Pocas cosas hay más reconfortantes en invierno que rodear una taza de café humeante con las manos frías. Envolverla con los dedos lentos y torpes y sentir cómo el calor llega primero a nuestra piel y la atraviesa hasta tocar lo más profundo de nuestro ser se convierte en un momento glorioso que roza el misticismo y nos hace viajar miles de años en el tiempo hasta el descubrimiento del fuego, esa poderosa energía destructora y sin embargo tan fundamental para la vida, responsable en gran medida de nuestra evolución como especie y de dotarnos de eso que llamamos humanidad.
Estamos en esa época del año en la que somos tan propensos a la caridad soluble, la solidaridad desechable, la sonrisa instantánea y la lágrima fácil. De alguna manera hemos llegado a una especie de acuerdo social mediante el cual ignoramos la hipocresía y la voracidad por unos días.
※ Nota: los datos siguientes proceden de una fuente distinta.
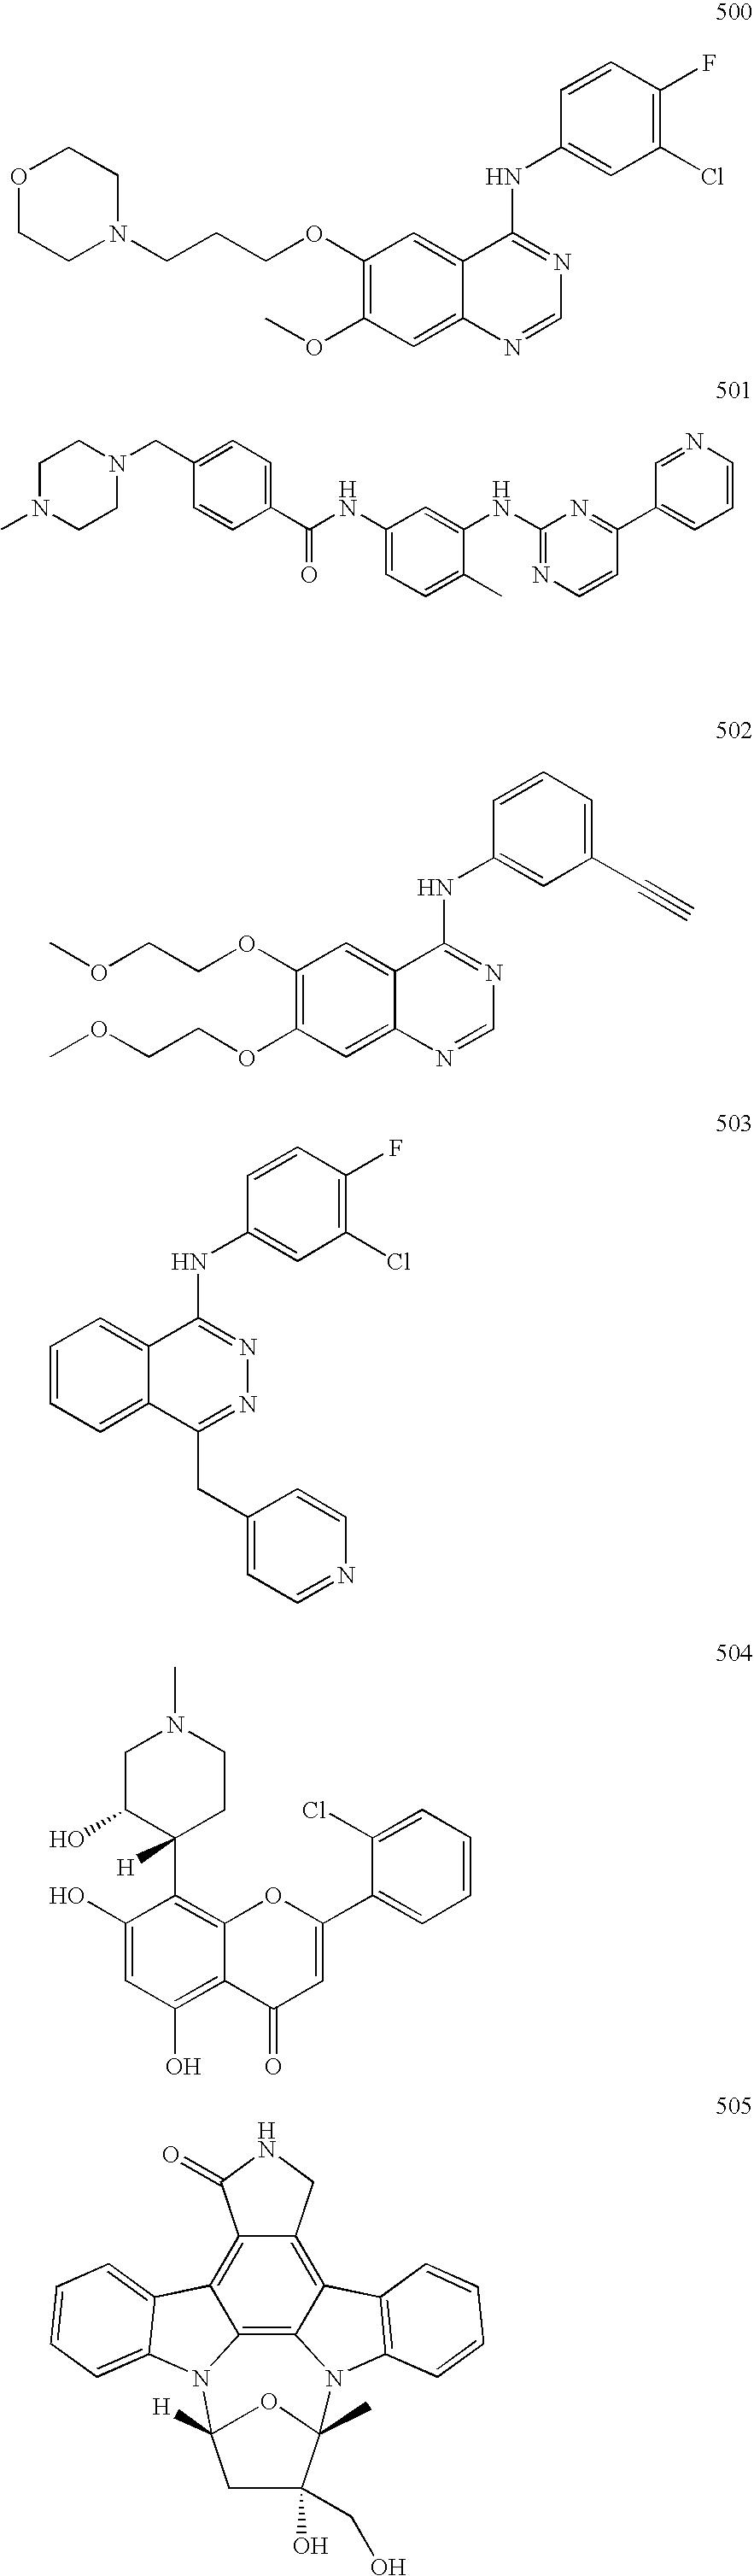 Us20050153990a1 Phosphonate Substituted Kinase Inhibitors Google Wiring Diagram 1477 Bolens Figure 20050714 C00085

Nos sentamos a cenar habiendo hecho acopio previamente de la cantidad necesaria de sales de frutas para ayudarnos a digerir los excesos y aliviar el malestar ocasionado por los mordiscos de la conciencia. Nuestro estómago no debe ser muy diferente al de las palomas.
Para soportar tanta frivolidad es necesario volver cada día a esa taza de café y alcanzar el éxtasis tras beber su contenido.